Revealing structural motifs that control ice growth upon spontaneous crystallization at SPB/SFX

Scientists were studying structural motifs that control the spontaneous growth of ice nuclei in micron-sized, evaporation cooled water droplets with the fluctuation x-ray scattering technique using the 200 nm beam from SPB/SFX.

Phase changes in water

Almost everyone in the world is familiar with the transformation of water from state to state: as it freezes, it turns into ice; as it evaporates, it turns into steam. While a seemingly obvious process, the turning of water from state to state—known as a phase change—is still a mysterious and complex process, which remains under investigation today. In particular, scientists using European XFEL’s Single Particles, Clusters, and Biomolecules & Serial Femtosecond Crystallography (SPB/SFX) instrument, are looking at the way water freezes to form ice.

As a liquid freezes, it crystallizes, forming a solid structure. In water, we refer to this crystallized structure as ice. In liquid water, molecules are flying around in a disordered fashion, but as the liquid cools, the speed of the molecules decreases and decreases. At some point, a tiny cluster of ice forms. Other molecules attach themselves to this cluster, and it grows and grows in size until the water is entirely frozen. The shape and properties of this initial cluster determines everything about the way ice forms: whether it grows in ordered sheets, or a more irregular form. These clusters can be used to predict the behaviour of water as it freezes.
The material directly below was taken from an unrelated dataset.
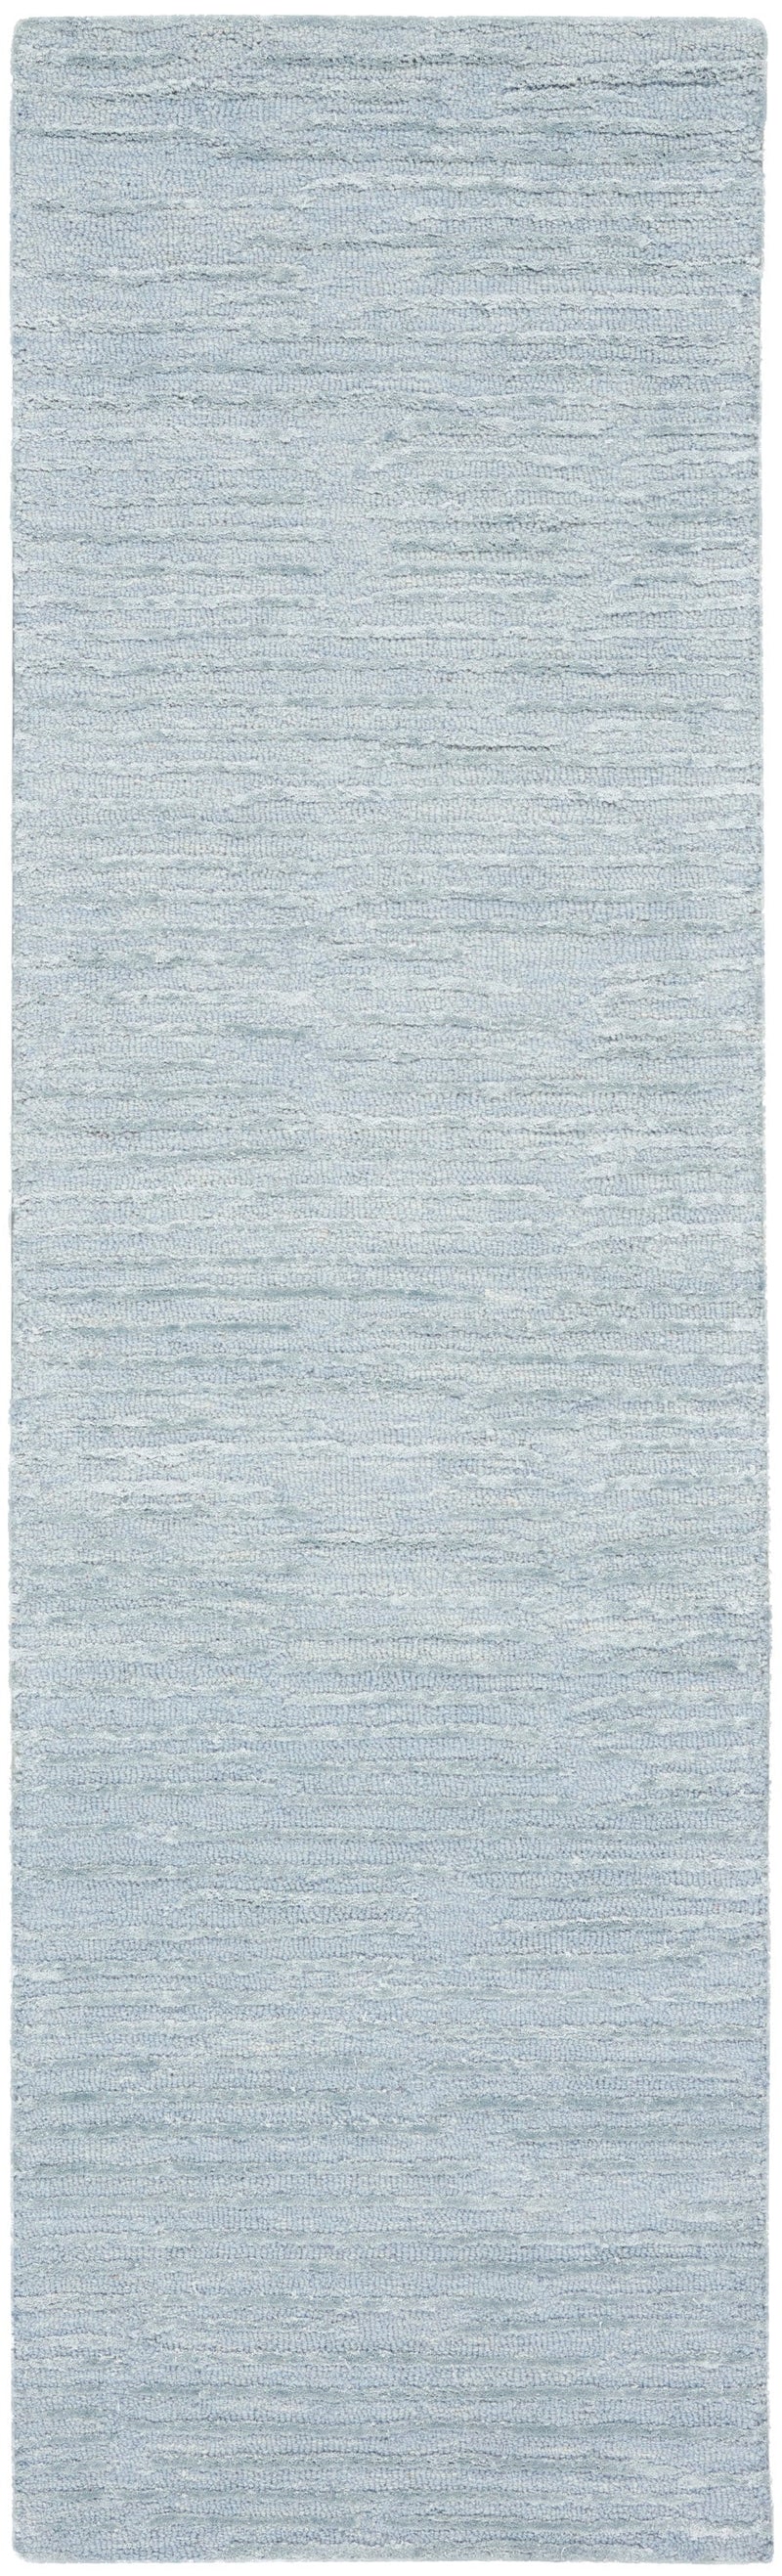 media image for ck010 linear handmade light blue rug by nourison 99446879950 redo 2 290

Investigating the freezing process

“You can think of this crystal cluster as a barrier,” says Jonas Sellberg, associate professor at KTH Royal Institute of Technology, Sweden, and user at European XFEL’s SPB/SFX instrument. “If we know what the barrier looks like, its shape and structure, we can tell a lot about how ice forms in water. Whether it forms in regular sheets, or whether it is growing as dendrites.”

Sellberg and his team are measuring the structure of these clusters using a method involving freezing a jet of liquid water in a vacuum chamber. As droplets of water fly through the vacuum chamber, they lose heat through evaporation, just like an athlete cools down when sweating. The further they travel through the vacuum, the more likely they are to freeze. The scientists can then use European XFEL’s ultrashort X-ray pulses to make measurements of the water droplets at different points in the freezing process, looking for the moment when a cluster forms. They collect a large amount of data, which can be reverse engineered through a statistical process to reconstruct the structure of the ice.

Fundamental research drives insights

“The scientists at the SPB/SFX instrument have a lot of experience with implementing these kinds of liquid jets in vacuum, which is not always straightforward,”

Sellberg continues. “We also need European XFEL’s high rate of pulse delivery. The probability of hitting the water molecules with the tiny X-ray beam as they freeze is small, so the more shots we can make per second, the better the quality of the structural information we can obtain.”

Learning about the nature of ice formation is useful to physicists since it contributes to their understanding of water’s fundamental properties. This is important since they want to know how things freeze, and how they can be safely and predictably unfrozen, particularly biological and natural systems. Learning about the formation of ice can also drive insights in fields like atmospheric physics, where icy water droplets impact the formation of clouds and weather systems.